Ethan and Todd are incapable of sexual understanding, nor are they emotionally equipped to express their confusion: another symptom of – and prescription for – the male species. “Being emotional or talking about your feelings was never really something that I thought of as particularly masculine,” explains Dolby. “I think I often felt like an outsider, because I was very much into talking about my feelings.”

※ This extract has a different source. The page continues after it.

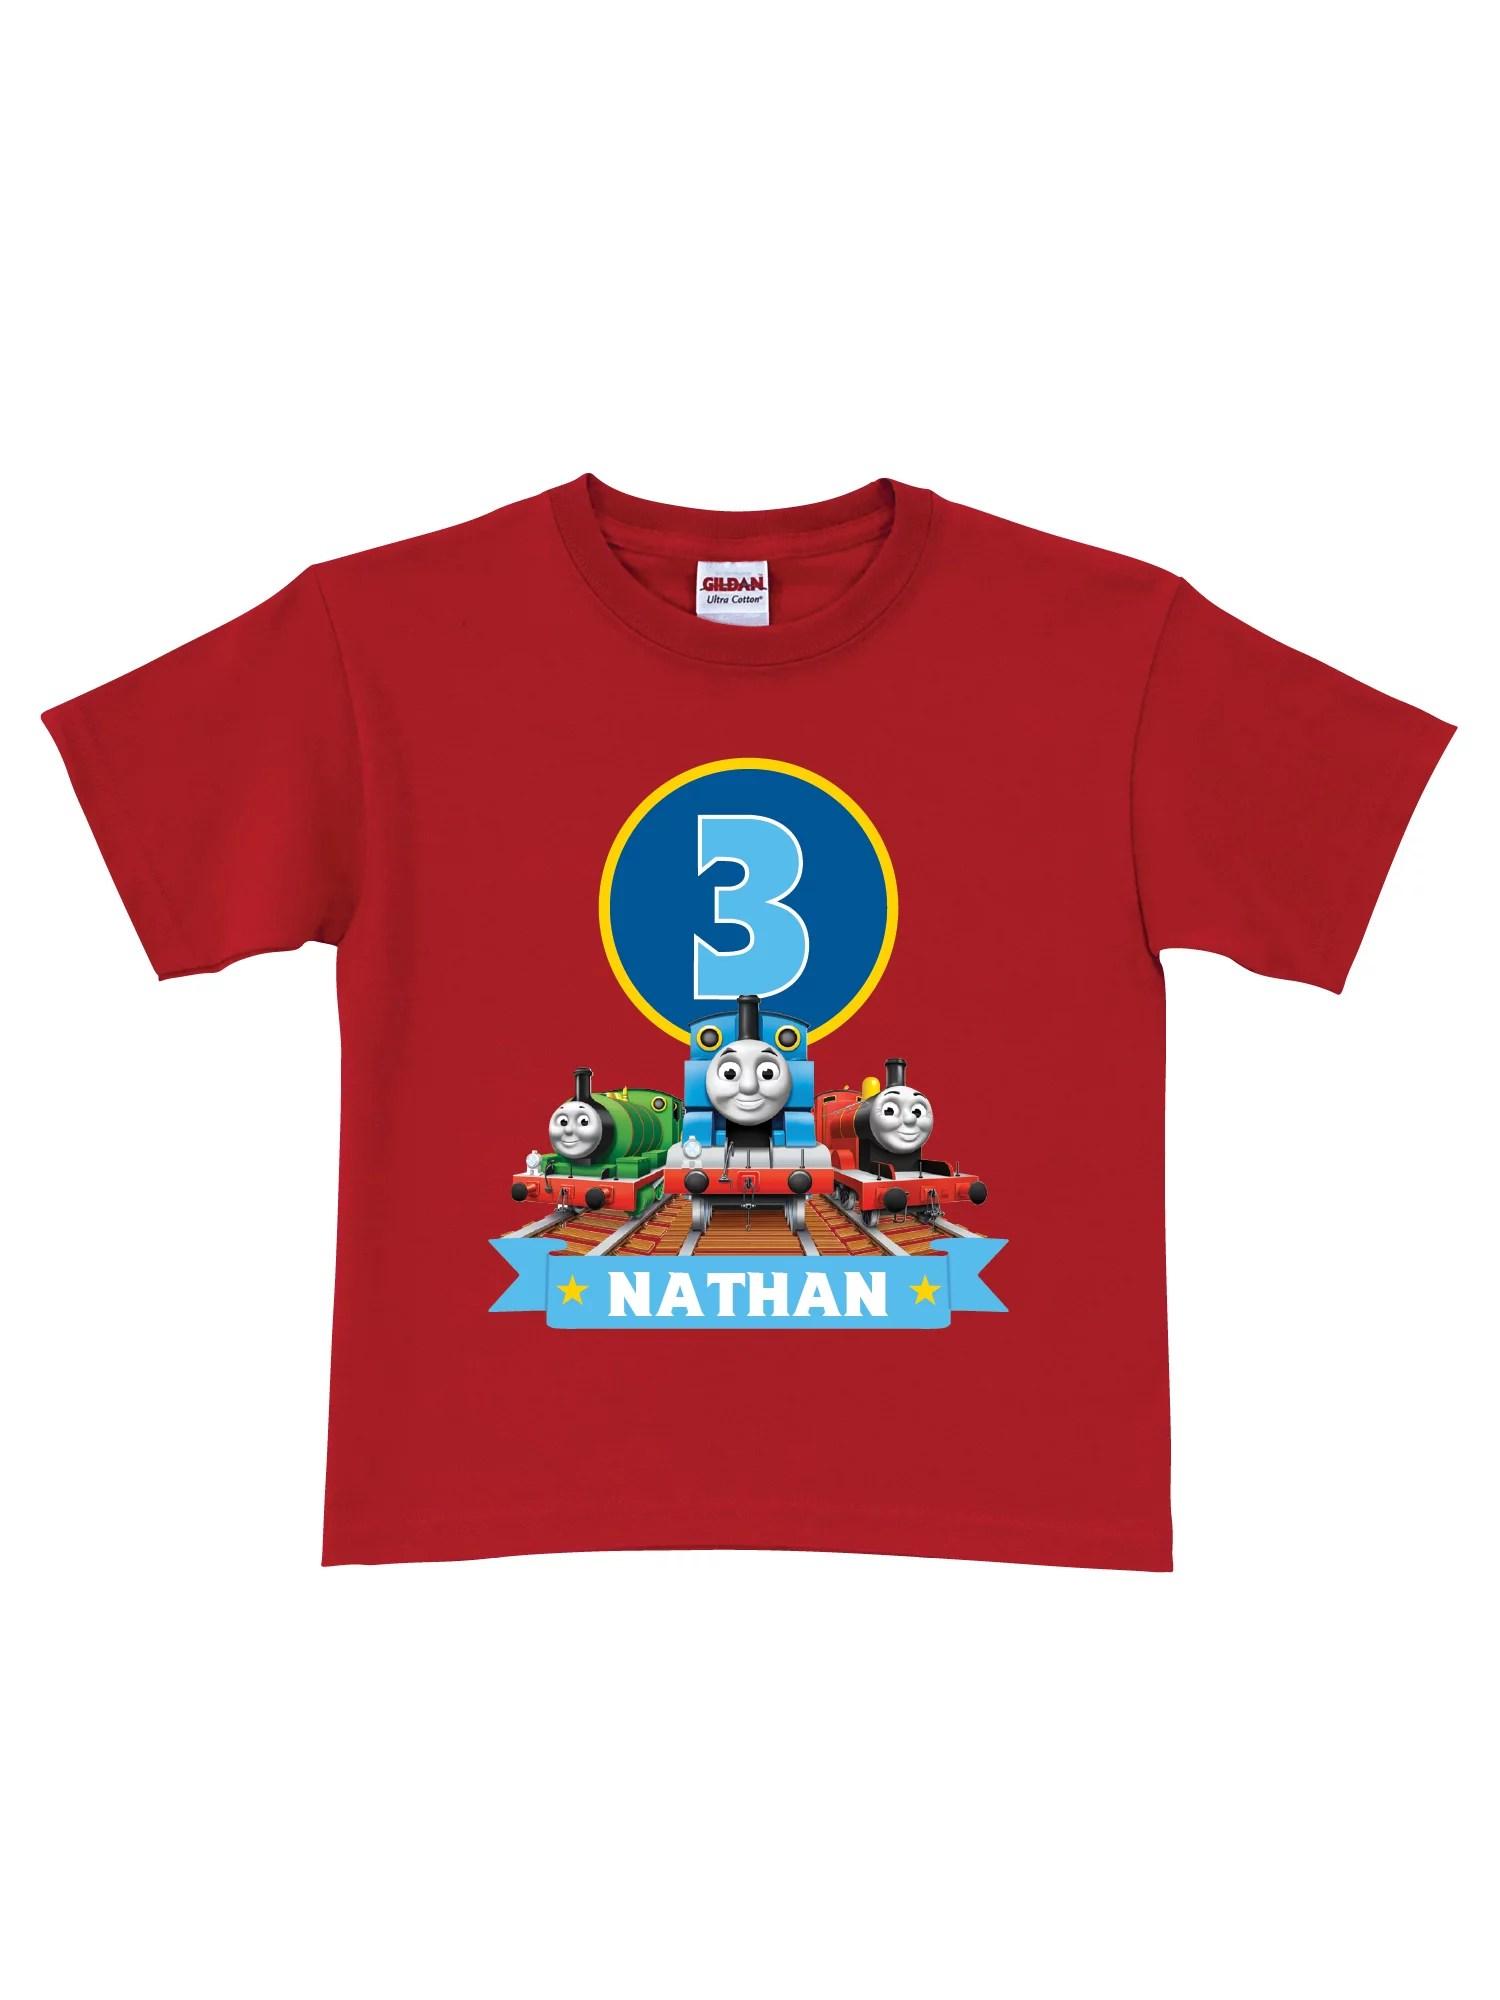 Thomas Friends Personalized Thomas Friends Red Birthday Boys T Shirt In Sizes 2t 3t 4t 5 6t Walmart Com Walmart Com

Not all of The Sixth Form‘s male characters are so tortured. Take, for example, the school’s resident homo: Jeremy Cohen. Out and proud Cohen’s completely at ease with himself – and almost entirely ostractized. I can’t help but wonder whether Dolby’s adolescent ideas informed Cohen.

“Being gay was portrayed in pretty much one way,” Dolby tells me in his sonorous rhythm. “It was always the nonathletic kid, not popular, really artsy, really bookish, got beat up on. It’s kids like Jeremy Cohen who are out and doing there thing, and it’s not exactly encouraging.” The Western world’s changed considerably since Dolby’s coming of age, a cultural evolution of which Dolby’s well aware – and grateful: “I think it’s great because kids are coming out earlier and earlier, so there are more of them, so there’s probably a bigger diversity of role models and mentors.” Dolby’s certainly one to admire.

For those of you who are wondering, yes, Dolby eventually found his niche at Hotchkiss: “I adapted pretty quickly. The exciting thing is that when you get home you are exotic to the other kids: you’re this guy who went to school in Connecticut, which is foreign.” Dolby’s next novel also takes place in front of the familiar youthful backdrop, but with a far different slant: adventure! He’s also working on a heftier project: “It’s a novel about family: something I’ve danced around in these last two books. There are always these satellite relationships with different families, but they’re not the heart of the story.” And heart is definitely something Dolby’s novels have in spades.

The Sixth Form is out now from Kensington Press.

Dolby image by Brian Orter.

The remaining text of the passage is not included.